Ella, va a ritmo de tango y sobre su luna ruedan lágrimas en forma de estrellas fugaces, me cuenta de sonidos, de letras, de retratos. Intento despedirme pero no me deja ir, ella necesita de mi compañía y yo sin suponerlo con antelación, también necesito la de ella. Ella va lento, yo iba de prisa, ella me detuvo para acompañarla en su camino, insiste en hablarme de ti y es justo ahí cuando intento correr, ella suavemente me detiene.

La asimilo, me asimilo… te asimilo. Hace mucho ella me despertaba pero nunca estaba para ella, le huía quizá porque le tenía miedo, ella ya antes me había hecho enfrentarme a mi misma y seguramente no quería reencontrarme con esa mujer conflictuada y echada a menos, ahora entiendo que solo un ser malogrado puede amarte. Después de minutos, se van acabando las letras, ella ya está a punto de marcharse y yo, que antes le huía, estoy a punto de llorar por su partida, pues ahora ¿quién me escucha? porque el día me puede hablar de ti pero nunca lo hará con la calma que la noche lo hace.

Frase sin verbo

Las letras lloran, las frases duelen, las miradas esquivas aniquilan, la noche se compadece y el alma se desvanece. Muerte, muerte que se llora, muerte y olvido se cruzan, amor convertido en desprecio, muerte favorable, vida después de la muerte.

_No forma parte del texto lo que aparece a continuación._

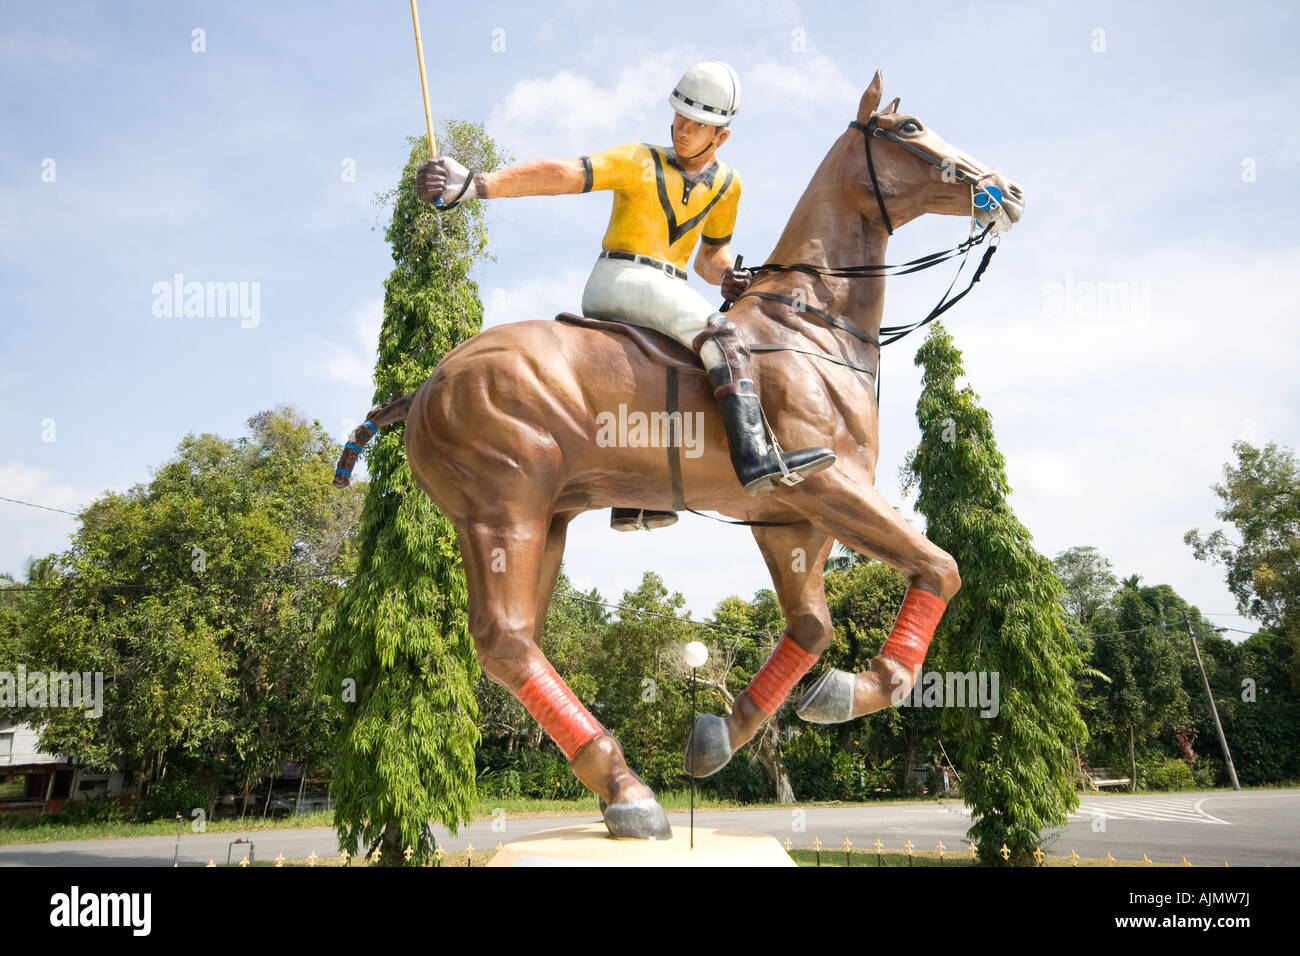 Le polo (sport équestre) - Royal Horse

Palabras que sanan, lloran las palabras, lloran la muerte, la muerte después de la vida. Nueva mirada, dos mesas, varias anatomías, tú, él, el otro, una partida empatada, los dos pierden. Se pierden el uno del otro y se buscan con el uno y con la otra. No hay encuentro, no hay vida, no hay muerte, lágrimas, risas, momentos, no hay lágrimas, la vida las mató.

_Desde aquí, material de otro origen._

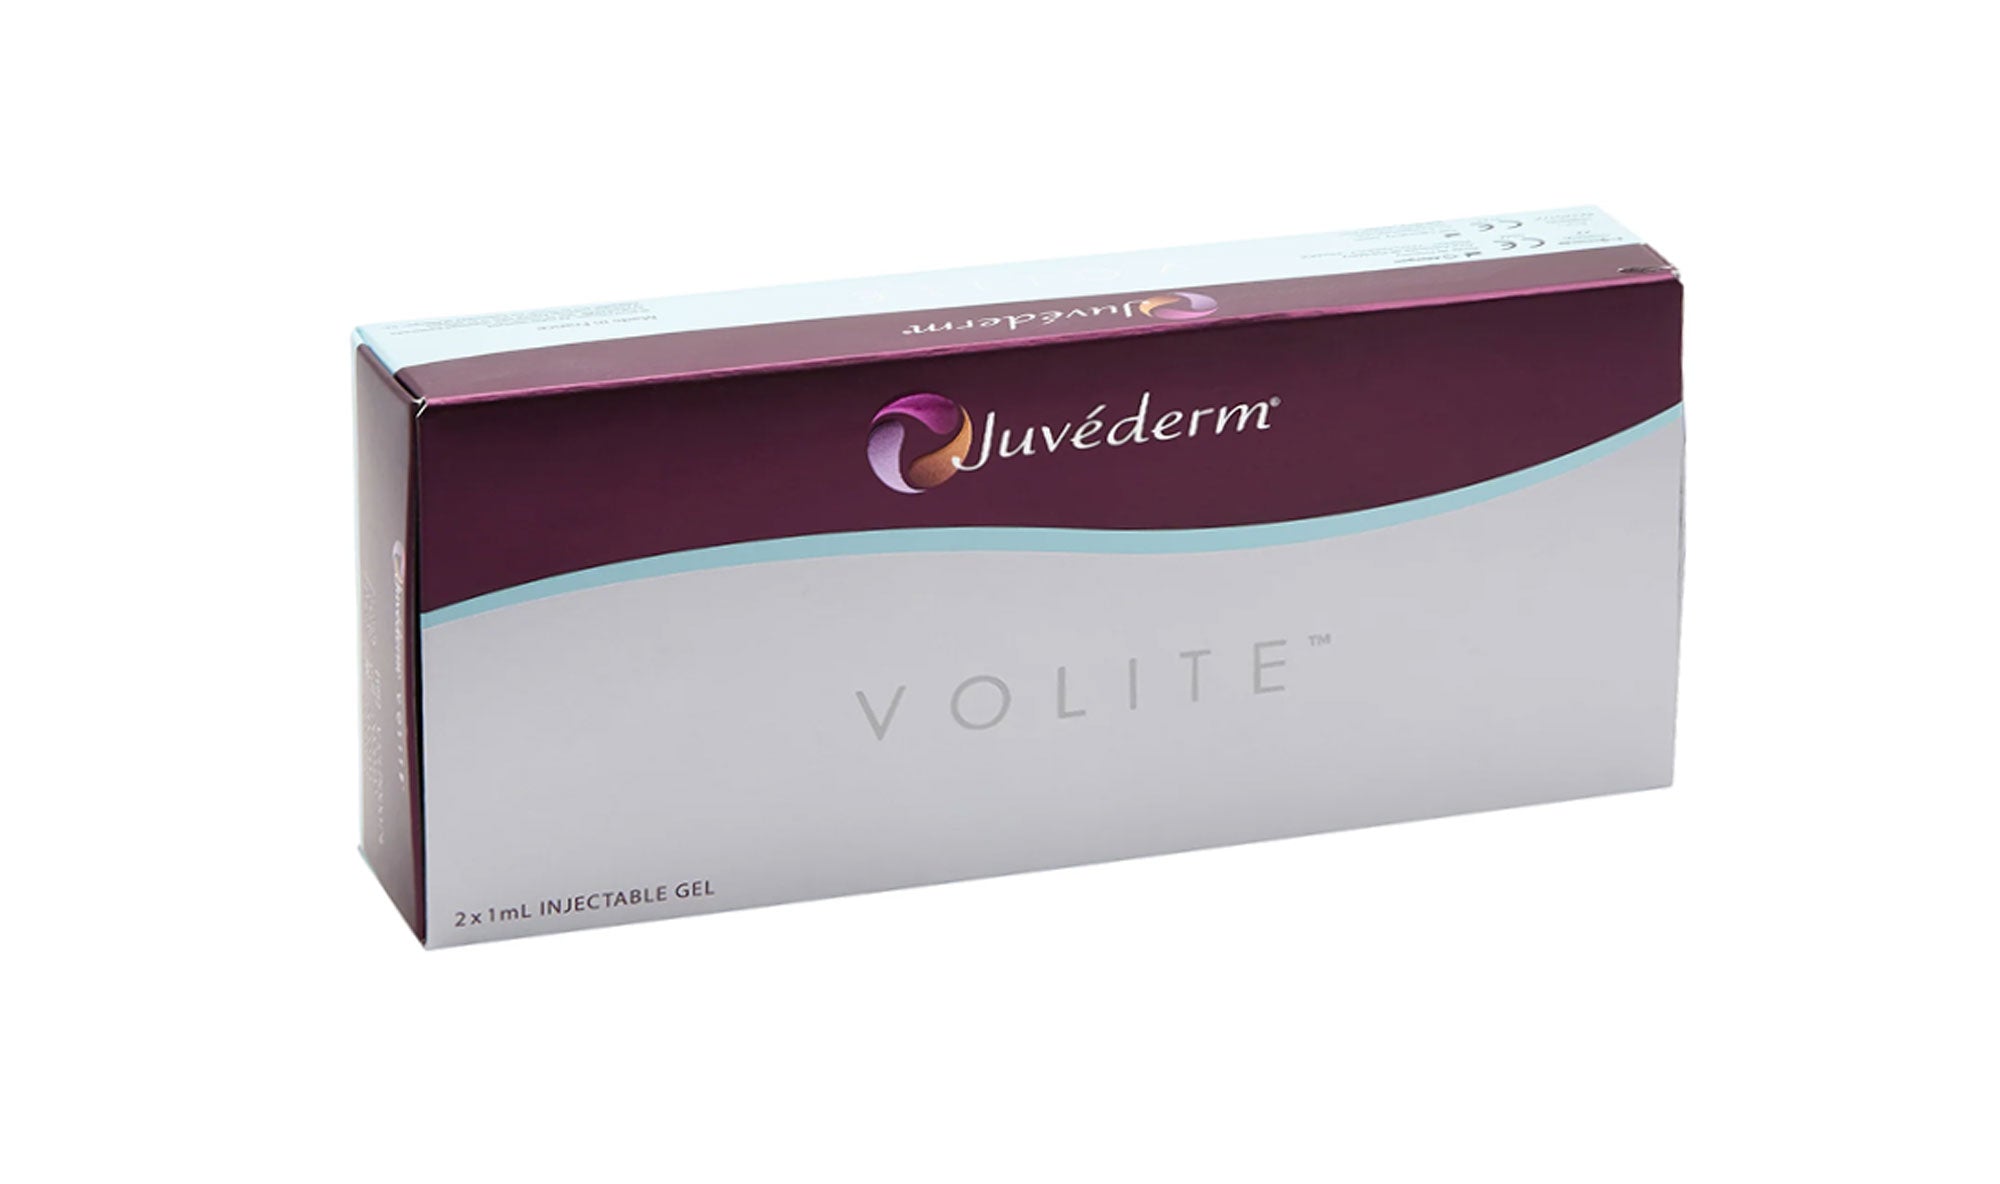 Juvèderm Volite – Packung mit 2 Spritzen à 1 ml

Ríen, allá, acá y a lo lejos. Acaba, comienza, un adiós sin saludo, no hay adiós sólo el imaginario de lo que ya valió. Desprecios apreciados, aprecios inexistentes, después de la muerte hay vida, después de la vida, nada. Música, voces, todos, nadie, tú, ellos, yo, simples adjetivos de frases sin verbo. Eso es, tú y yo, una frase sin verbo.